"Я вам так скажу. Много лет прошло, а я до сих пор грозу иначе ощущаю. Не страх — нет, но настороженность, будто воздух меня на что-то проверяет. В ту вахту мы тогда трое были, но живых — двое остались. Хотя формально — ни катастрофы, ни жертв. Документы чистые.
Маяк тот потом списали, туманную формулировку дали: «техническое несоответствие эксплуатационным нормам». Красиво звучит. Только норм там не было с самого начала. Особенно когда начинался гром.
Что мы тогда слышали — не объяснить. Оно не зловещее было, не враждебное. Просто… не наше. Совсем не наше. И я не уверен, что нам вообще стоило в тот эфир лезть."
"Маяк стоял на мысе Узловой — глухом, как задворки планеты. Хабаровский край, ближе к Татарскому проливу. Край света — и это не фигура речи. До ближайшего посёлка километров пятьдесят по воде, по суше — почти в два раза больше, да ещё и тайга.

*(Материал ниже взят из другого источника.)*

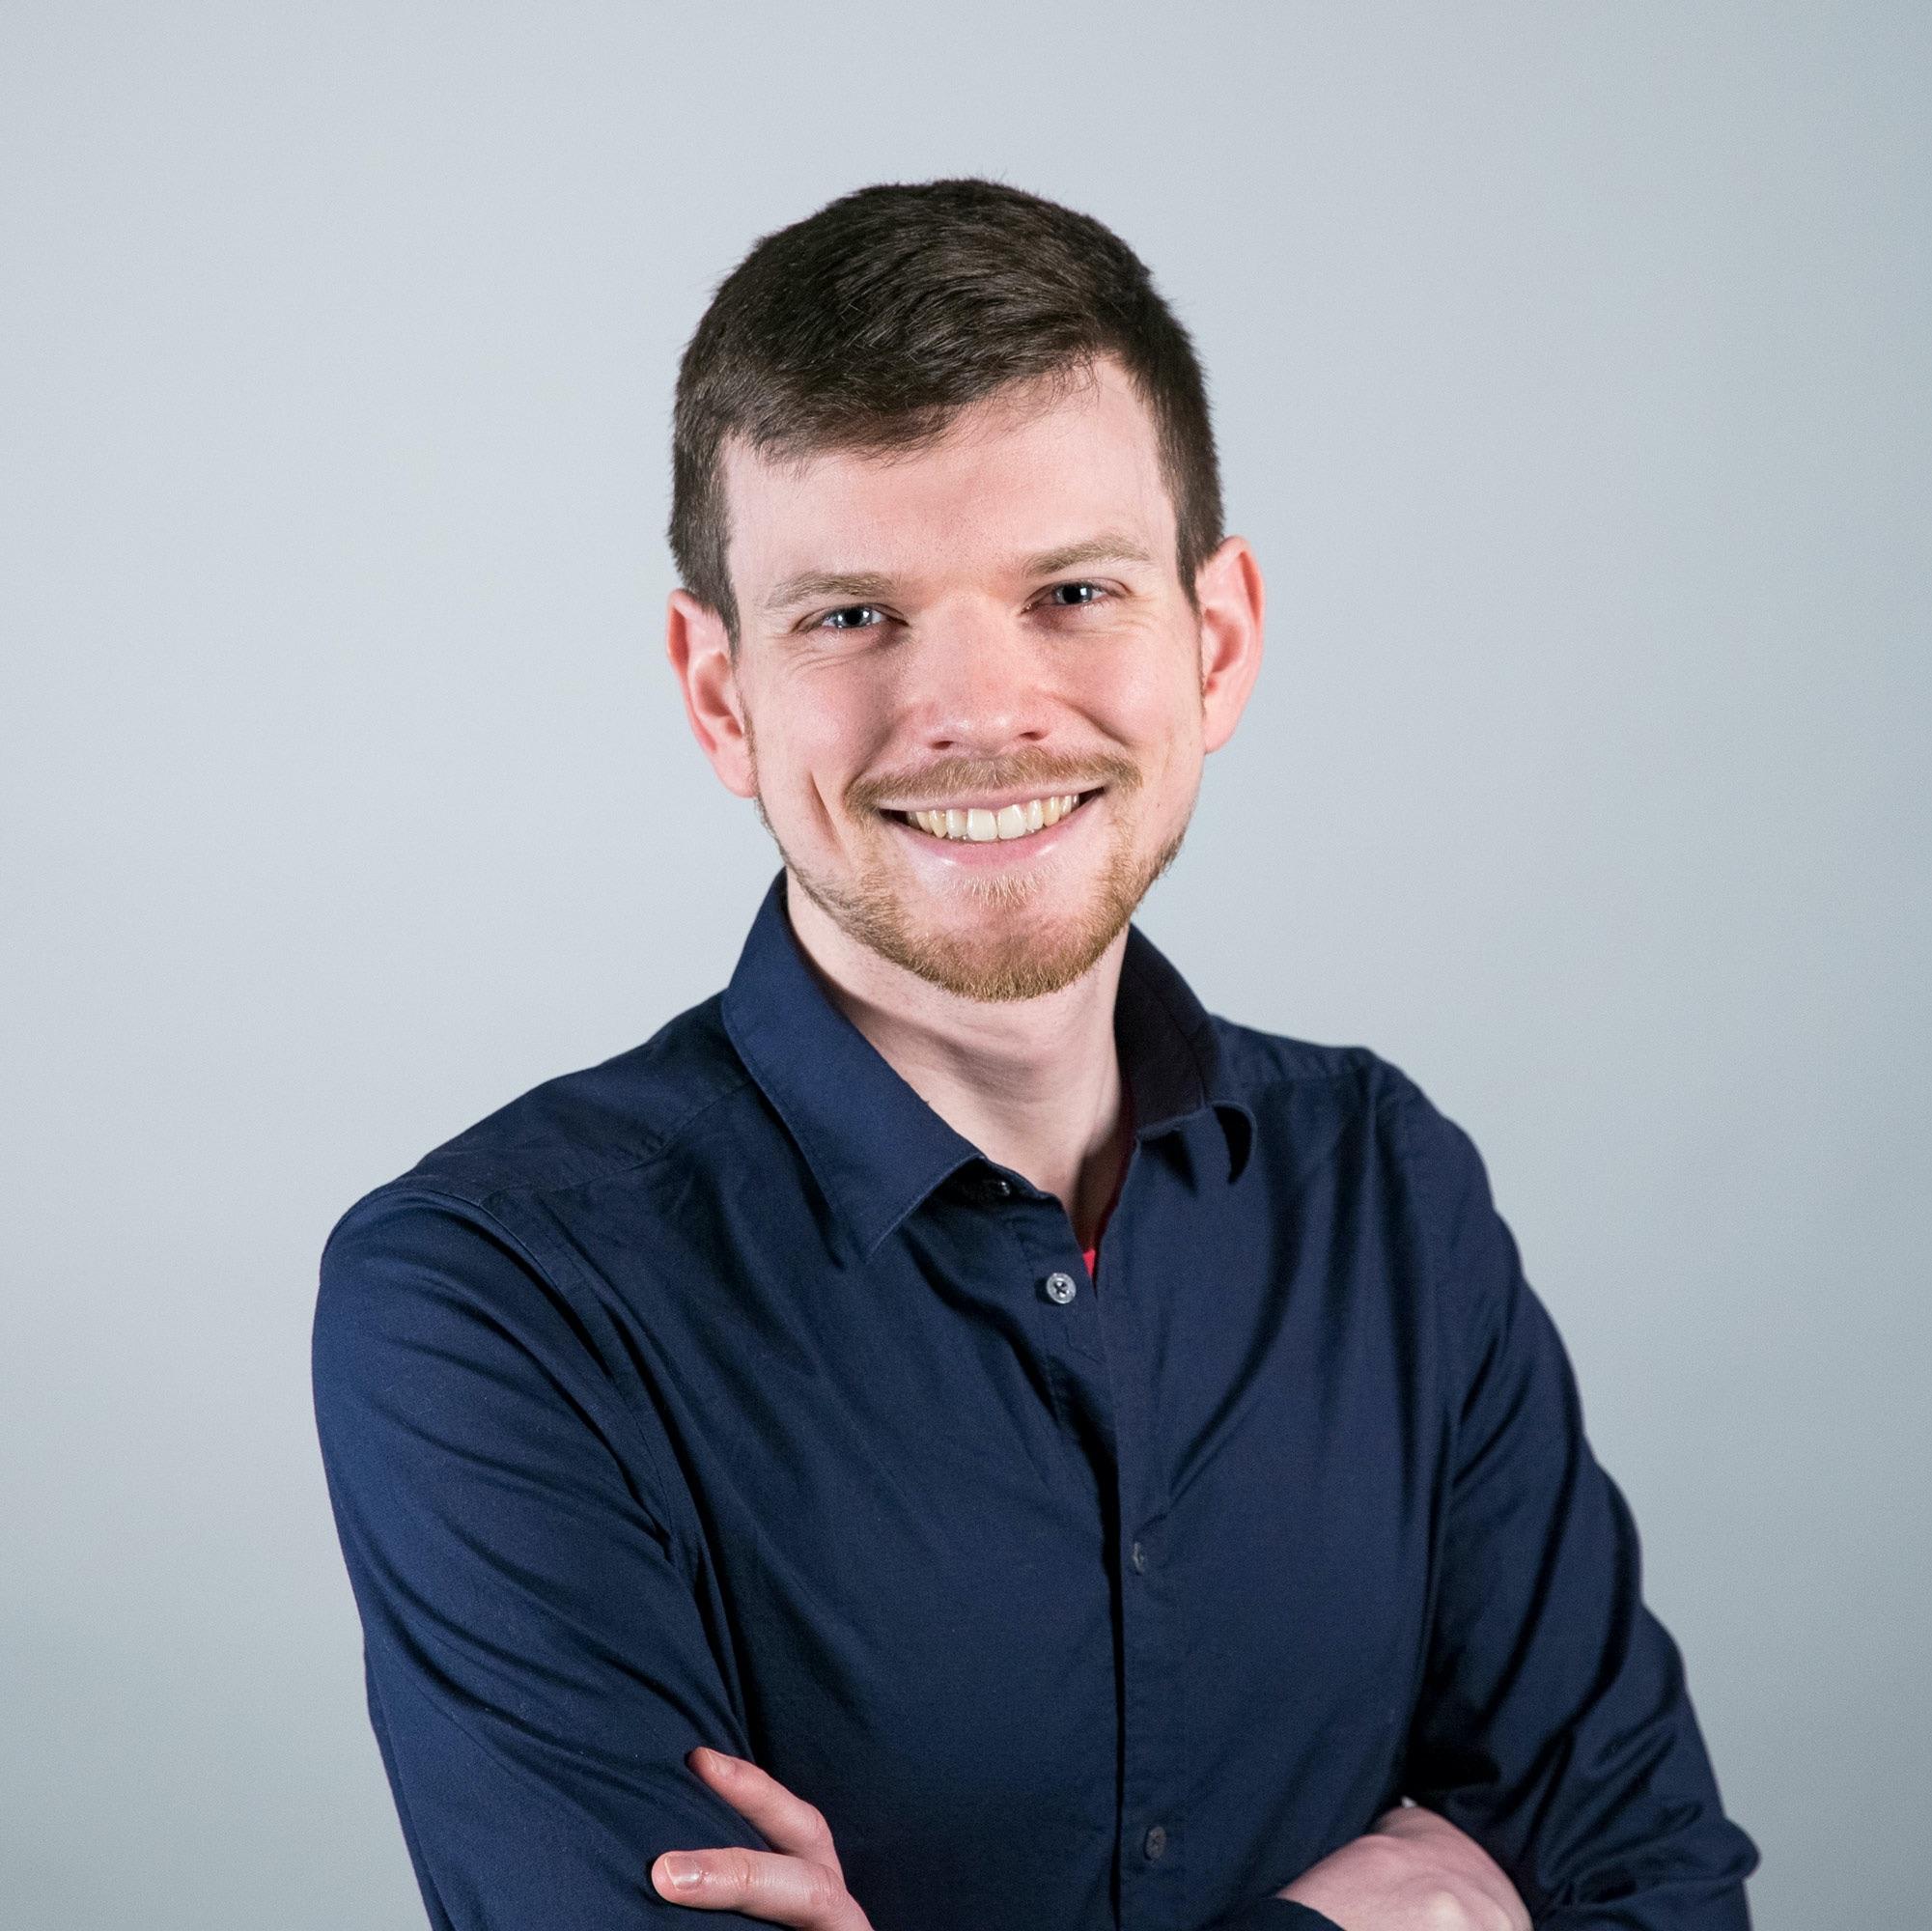 John Hacker Noon profile picture

Маяк — бетонная башня на 20 метров, пристройка на два помещения: аппаратная и жилой блок. Строили ещё до войны, японцы там руку приложили, говорили. Потом советские укрепили, поставили генератор и антенну на крыше.
Туда ездили по вахтам: три недели на маяке, потом смена. Летом — терпимо, осенью — трудно, зимой — ад. А тогда был конец августа, 1968-й. Холодно по утрам, комары жирные, как винты от кукурузника.
Я был техником по радионавигации. Маяк передавал стандартный импульс для морских судов, обычная метка: «точка-тире», два раза в минуту. Всё строго по уставу. Только в ту вахту что-то начало сбиваться. Сначала еле заметно.
Первое, что я заметил — это когда во время грозы сигнал сбился с ритма. Обычно передача идёт ровно, как метроном. А тут — бах, пауза, потом щелчок. Не статический шум, не помехи — именно щелчок. Как будто кто-то отдельно, поверх основного сигнала, стучал.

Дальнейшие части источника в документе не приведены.